The roots of the American recovery movement go back a century. The Oxford Group, a Christian organization, began in the 1920s; in the late 1930s Alcoholics Anonymous started a fellowship based on their founder Bill Wilson’s belief that a room of alcoholics talking to one another could be effective under certain conditions. “The only requirement for A.A. membership,” its guiding text insists, “is a desire to stop drinking.”
Since then, the recovery movement has become a profitable industry. While some institutions are legitimate, “Shuffle,” a shocking and confounding new documentary directed by Benjamin Flaherty, lays out in painstaking detail the collusion between moneymaking rehab treatment centers, double-dealing insurance entities and predatory social-media “scouts” who make sure cash flows into corporate pockets while the sick and suffering never get well.
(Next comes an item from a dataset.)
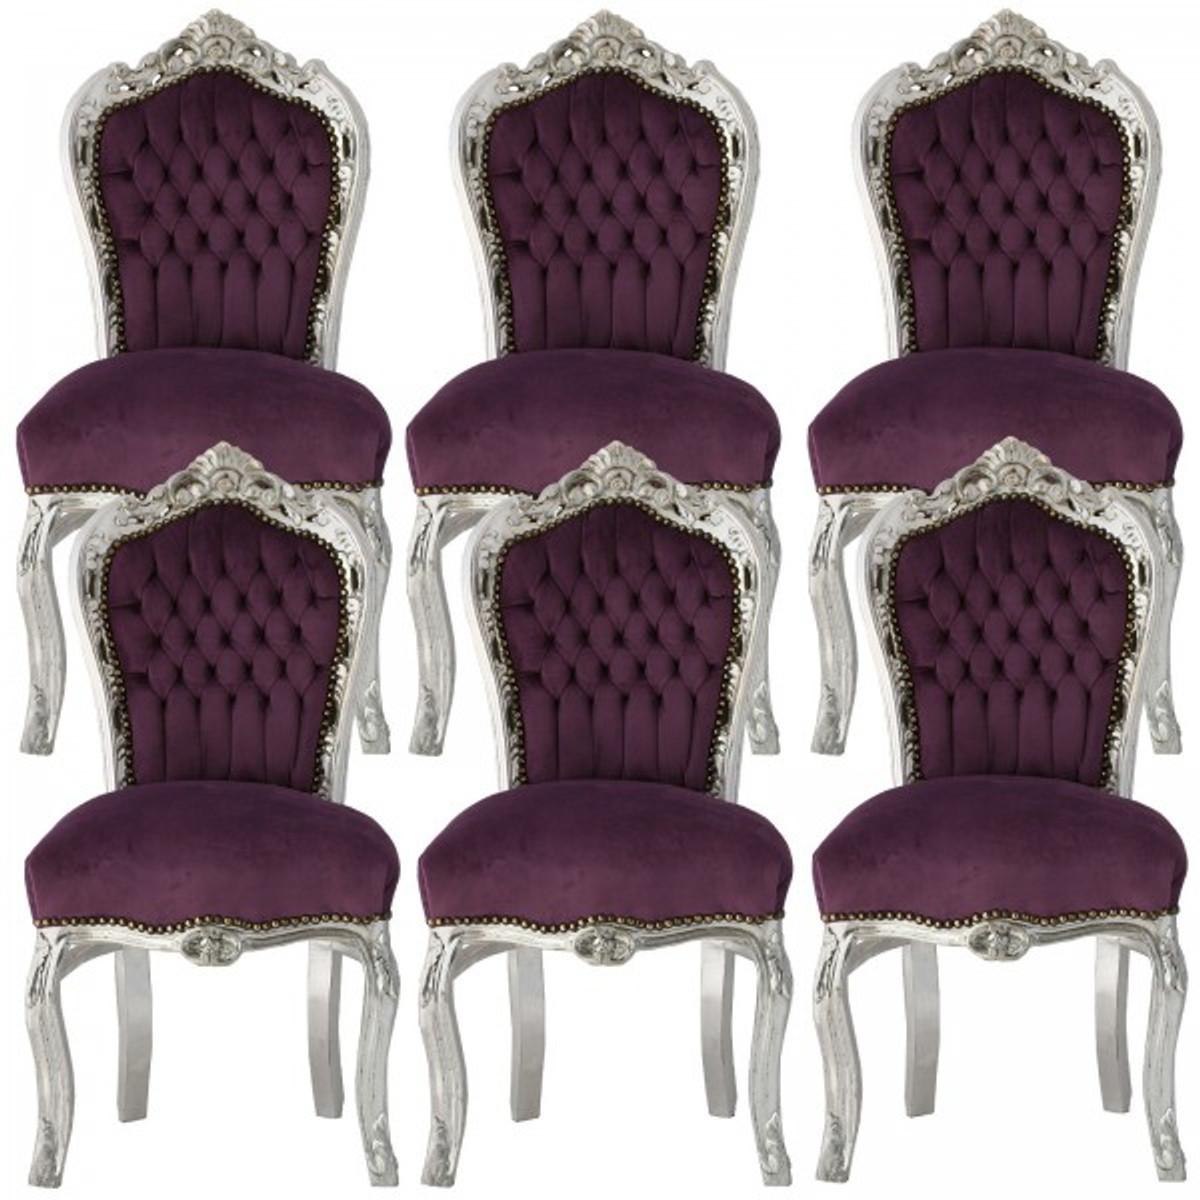 Paket Speisezimmer Mobel Essgruppe Barockmobel Stuhle 6 Stuhle In

Flaherty became aware of this game while undergoing his own treatment for addiction. While much of the documentation of insurance malfeasance comes from archival footage (Flaherty also contrives some refreshingly effective animation), the interviews he conducts with addicts are the most gut-wrenching scenes here. They’re aware of what’s being done to them and are powerless to stop it, as if they’re caught on a carnival ride that’s gone out of control.
Their stories are alternatively hopeful and heartbreaking. The subjects who make it out alive do know how lucky they are. Flaherty seems to share with them an incandescent and entirely justified anger.
Shuffle Not rated. Running time: 1 hour 21 minutes. In theaters.